La seguridad de los ciudadanos en el Parque Nacional Waraira Repano está bajo las competencias de la Guardia Nacional Bolivariana (GNB), mientras que el registro de los visitantes y vigilancia ambiental está a cargo de los Guardaparques del Instituto Nacional de Parques Nacionales (Inparques).

La montaña tiene alturas que varían desde 120 hasta los 2.765 metros sobre el nivel del mar y una superficie de 85.192 hectáreas. Actualmente hay 15 sedes a lo largo de El Ávila y el más alejado de la ciudad queda a 1.600 metros de altura.

Luego de eso no hay más vigilancia. “Ellos hacen lo que pueden, porque tampoco tienen personal suficiente. Incluso nosotros los ayudamos a veces a cortar la maleza de las rutas más alejadas”, indicó Juan Andrade, abogado que tiene más de 15 años subiendo a El Ávila durante los fines de semana.

“No lo visito con la frecuencia que me gustaría precisamente por el tema de la seguridad y mal comportamiento de visitantes en el caso de la entrada de Sabas Nieves”, apuntó Vivi Vargas, runner y senderista.

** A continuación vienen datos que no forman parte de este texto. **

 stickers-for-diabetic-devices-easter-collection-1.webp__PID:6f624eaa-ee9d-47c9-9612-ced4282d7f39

Ella es parte de los visitantes que han denunciado que los funcionarios de la GNB tampoco se encuentran en todas las entradas ni en todos los puestos de los guardaparques.

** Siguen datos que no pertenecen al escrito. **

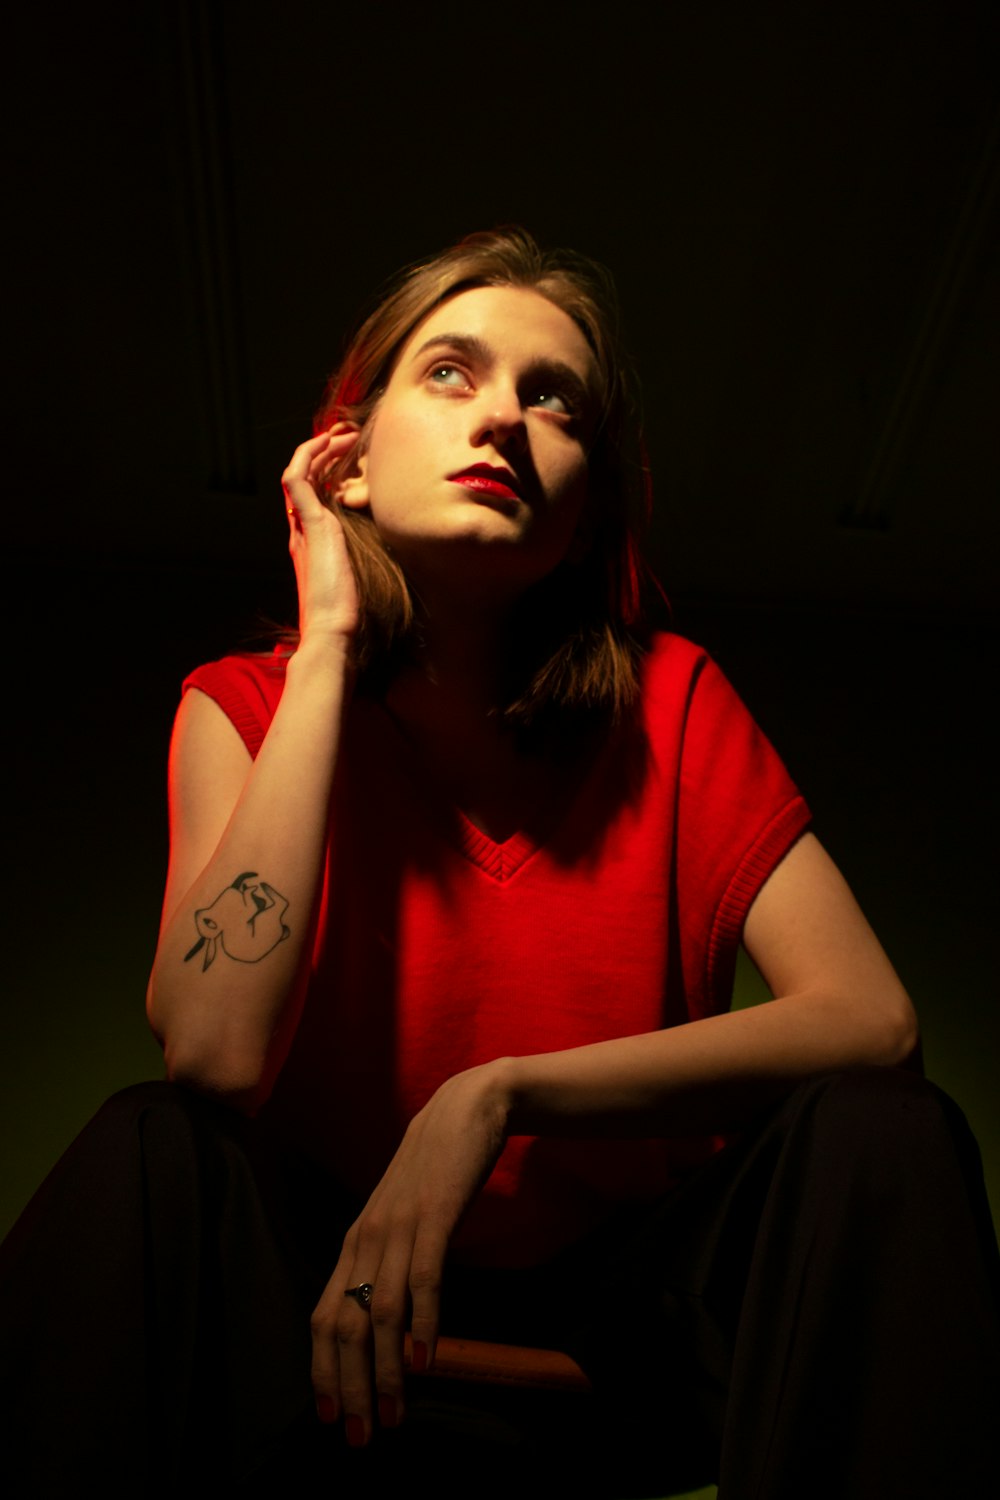 a woman in a red shirt sitting in the dark

Luego de los dos incidentes de robos masivos, los usuarios de la montaña caraqueña se reunieron con los funcionarios de la GNB. Vieira, que además de usuario frecuente es uno de los integrantes de la comunidad 2.0 Proyecto Ávila Segura, indicó que a finales del mes de enero se logró un acuerdo con los militares para que vigilaran las cinco entradas a El Ávila de 6:00 am a 6:00 pm.

Recomendaciones

Entre las recomendaciones de los usuarios del parque nacional caraqueño se encuentran las jornadas de desmalezamiento, mantener custodiados todos los accesos con uniformados de la GNB, crear un plan de entrenamiento para discentes de cuerpos policiales que incluya subir la montaña, colocar vigilancia a lo largo de las rutas más frecuentes o implementar un despliegue de guardaparques y/o funcionarios a modo de patrullaje.